#### EXERCISE DIRECTIONS
Leaving the pictures aside, return all of the data below exactly.

#### DATA SHOWN

╭──

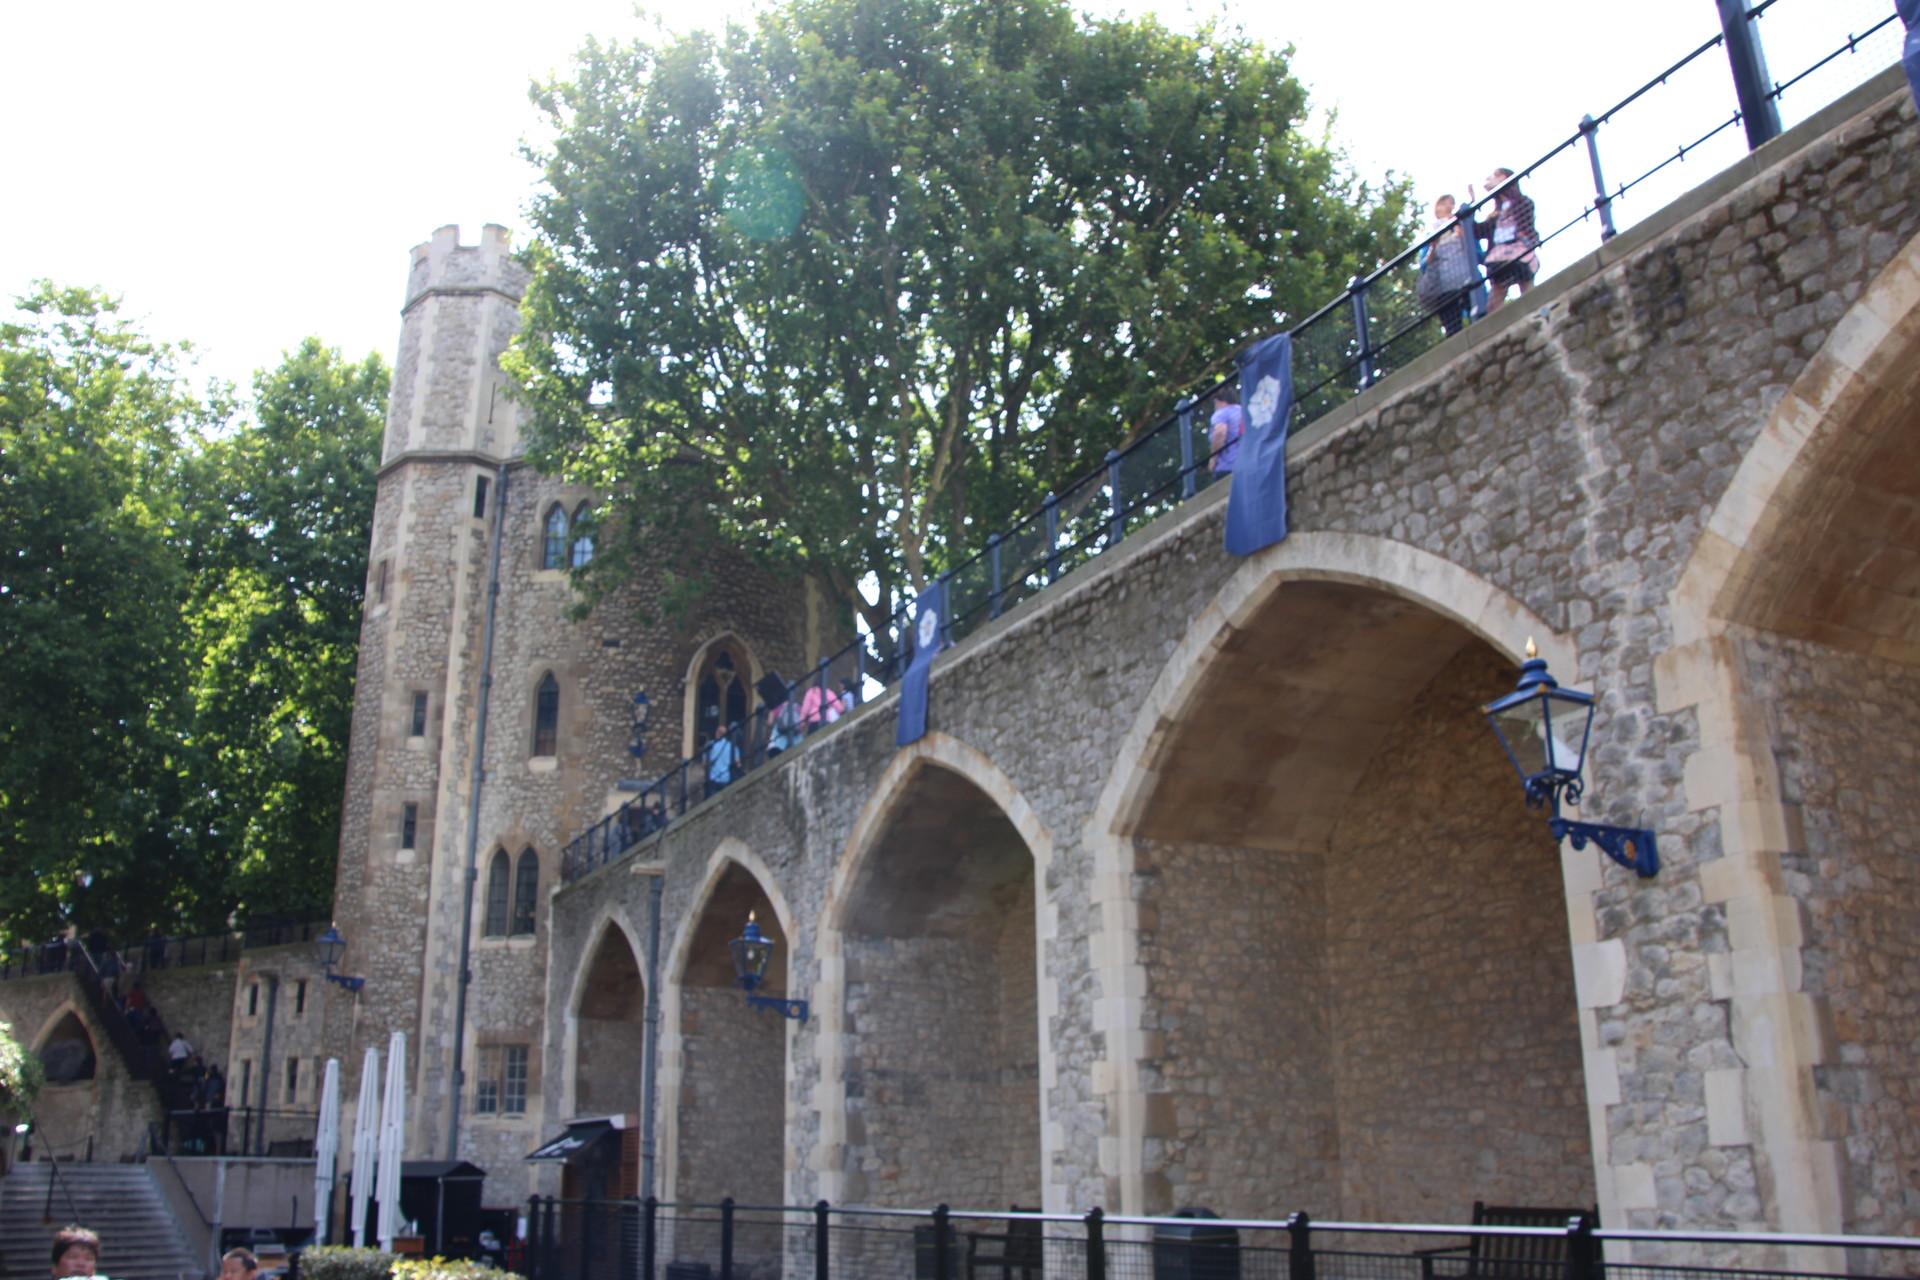 tower-of-london-la-torre-londres-9670e9b
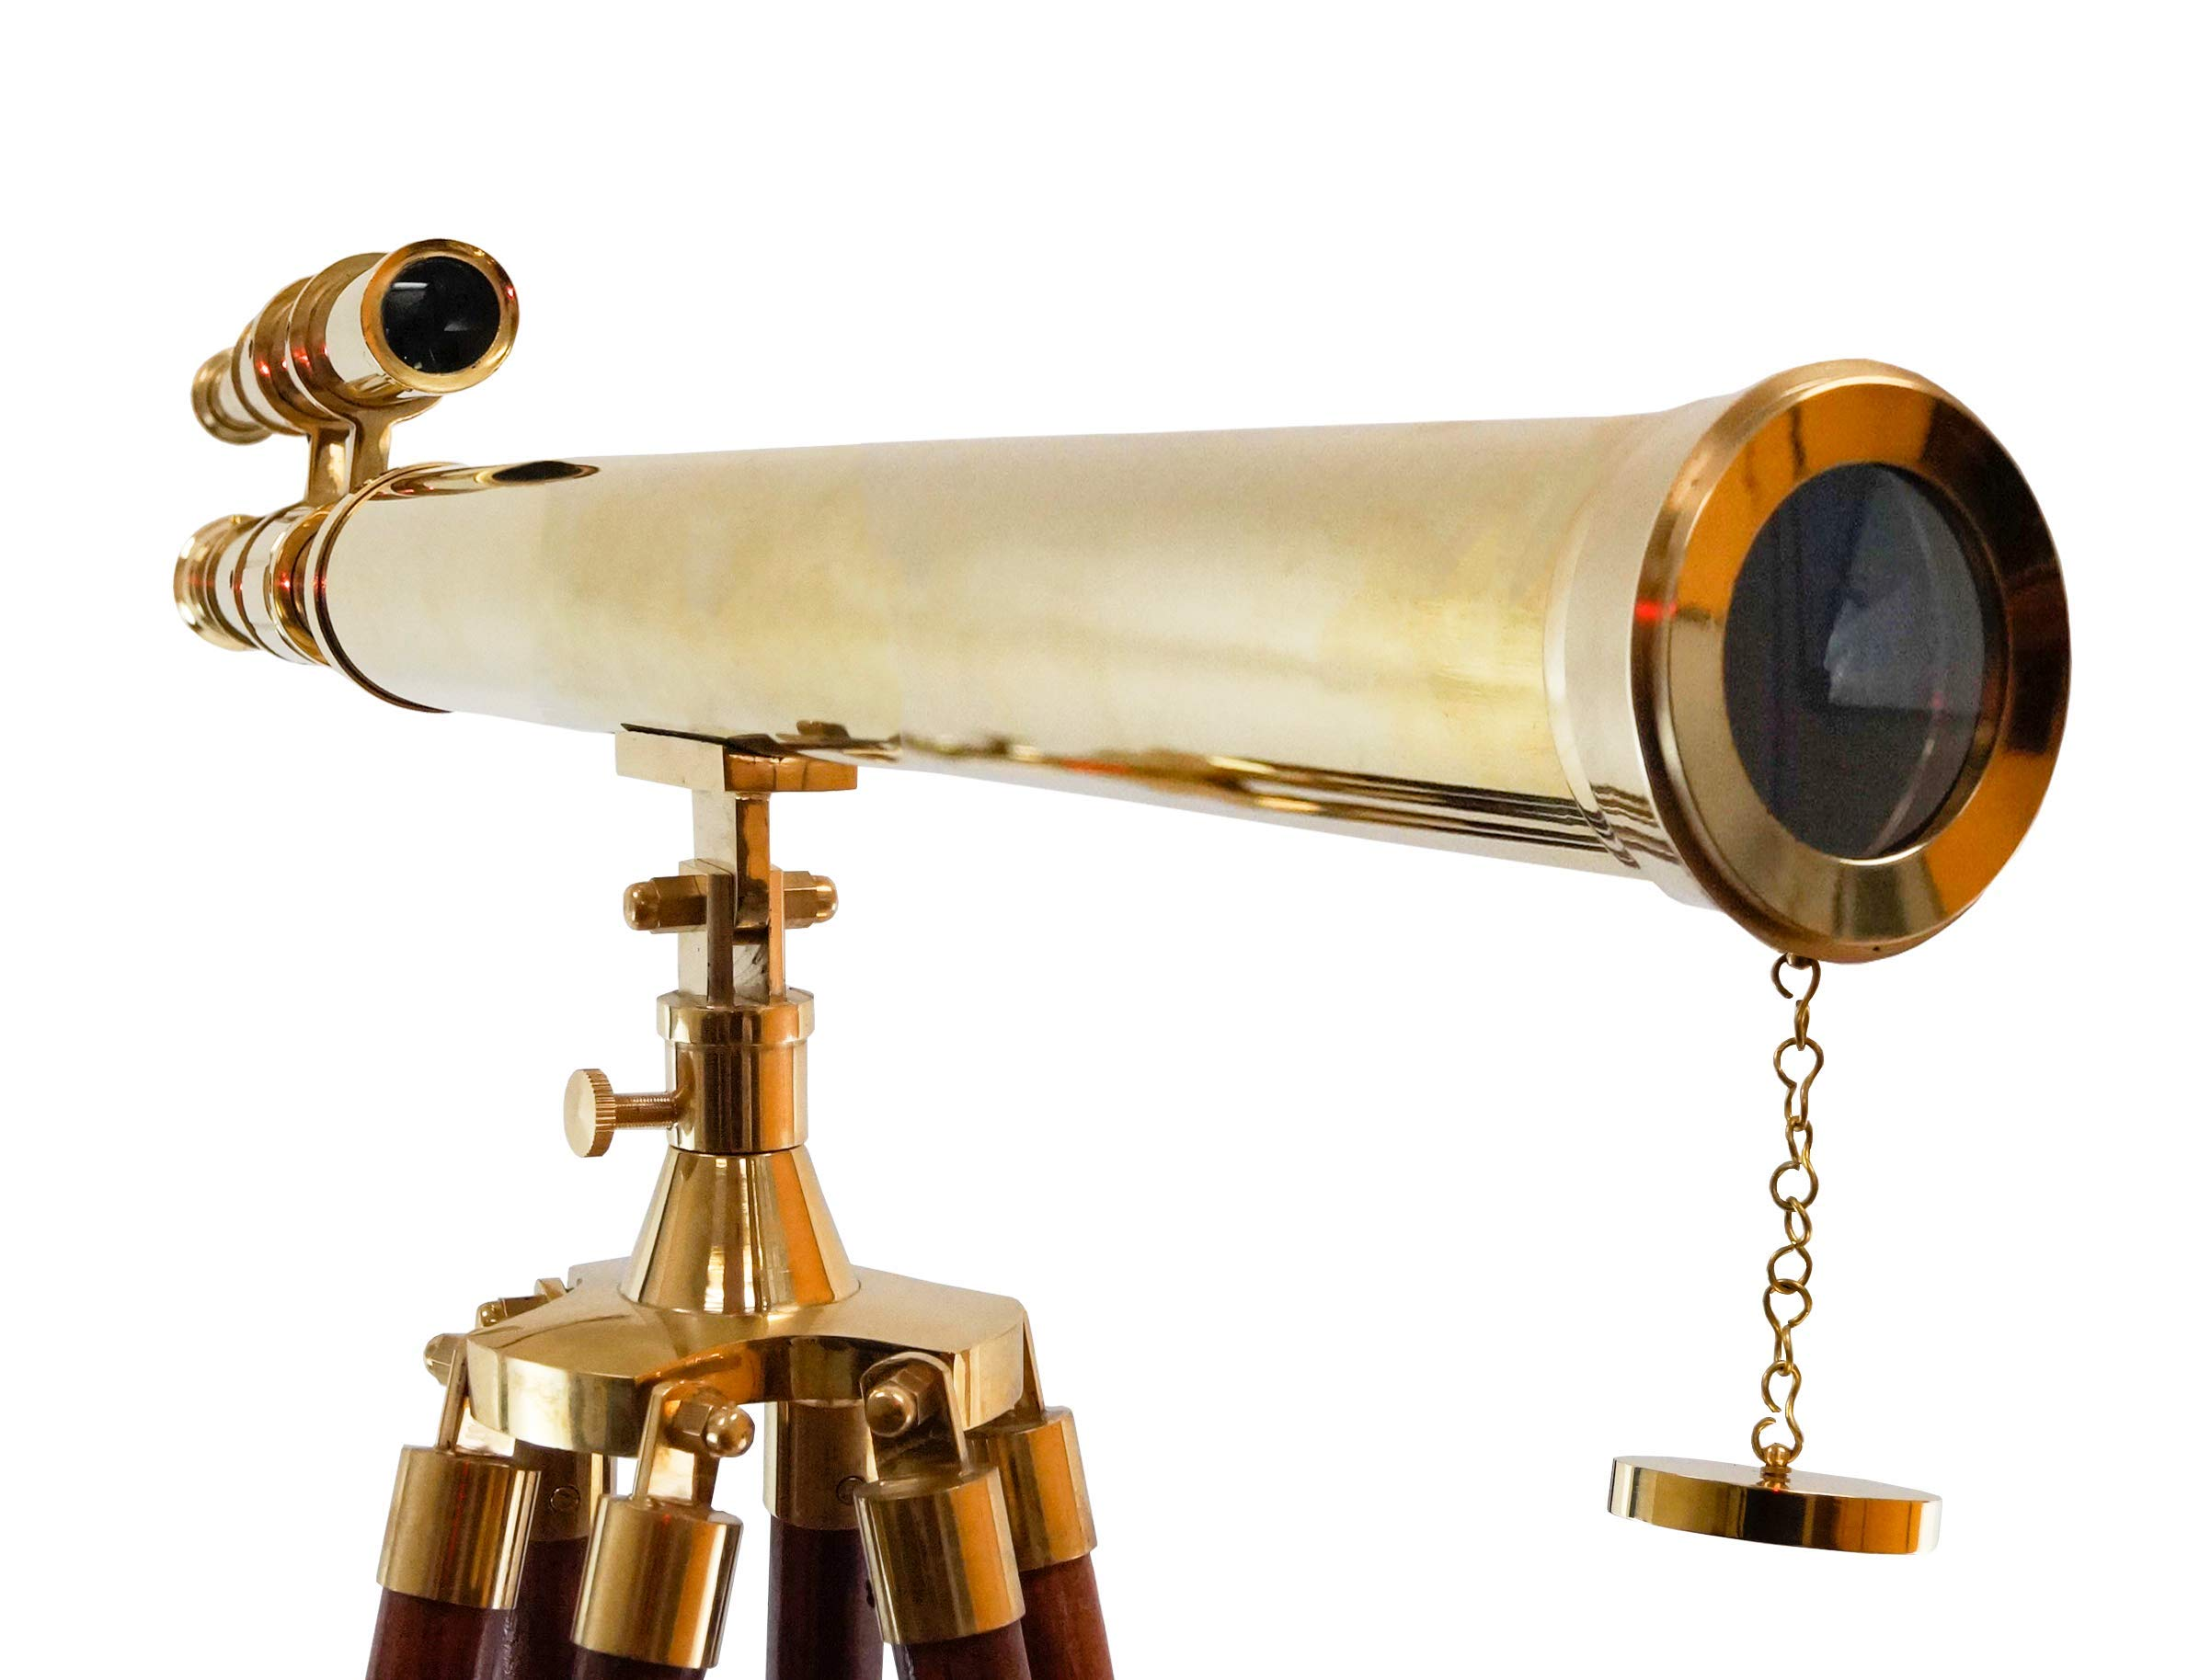 Nautical Collection's 64'' Decorative Floor Standing Tripod Brass Telescope Adjustable Size Sky Watcher (Griffith Astro Telescope)
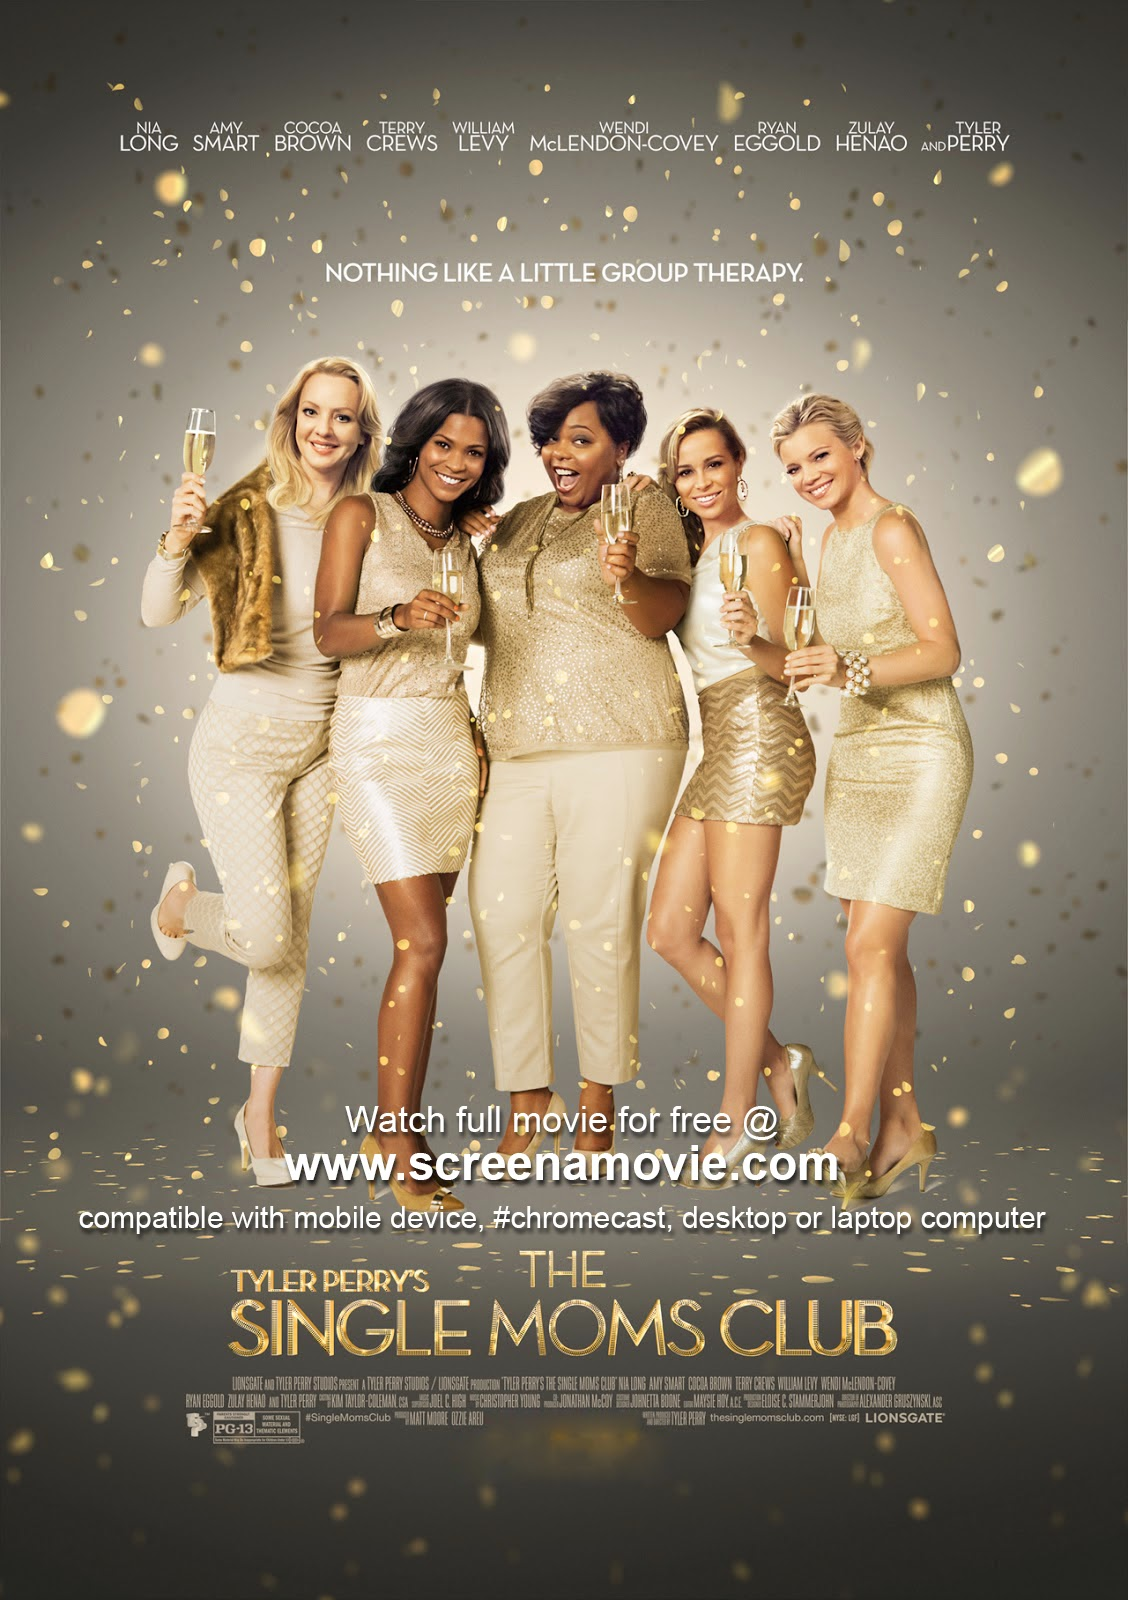 The Single Moms Club_@screenamovie
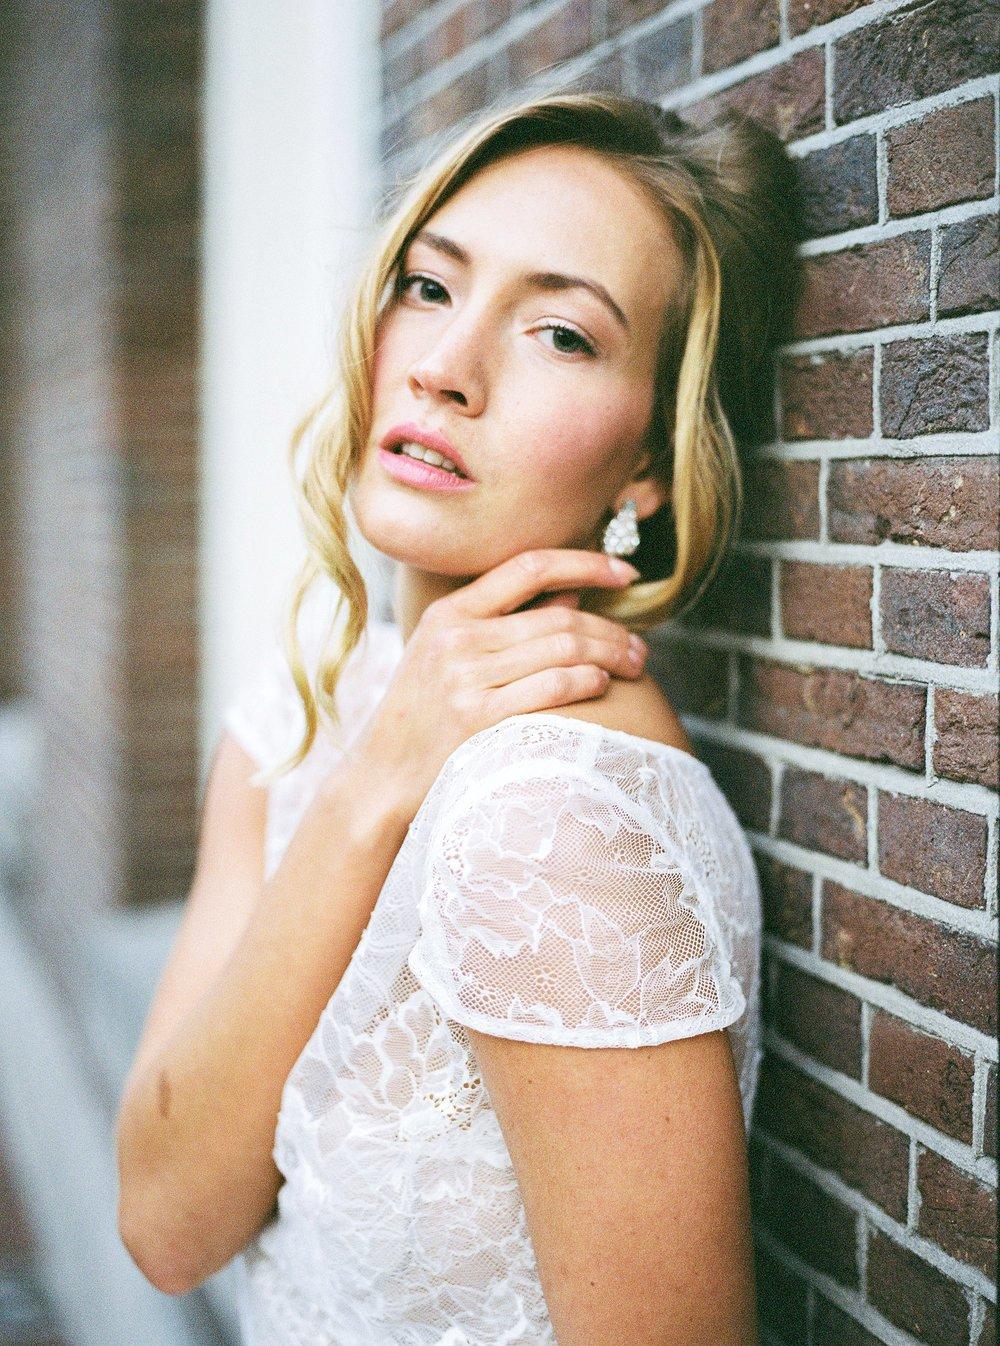 Amanda-Drost-Photography-fotografie-bruiloft-trouwen-winter-TheNetherlands_0083.jpg

╰──

#### RESULT OF THIS EXERCISE
 tower-of-london-la-torre-londres-9670e9b
 Nautical Collection's 64'' Decorative Floor Standing Tripod Brass Telescope Adjustable Size Sky Watcher (Griffith Astro Telescope)
 The Single Moms Club_@screenamovie
 Amanda-Drost-Photography-fotografie-bruiloft-trouwen-winter-TheNetherlands_0083.jpg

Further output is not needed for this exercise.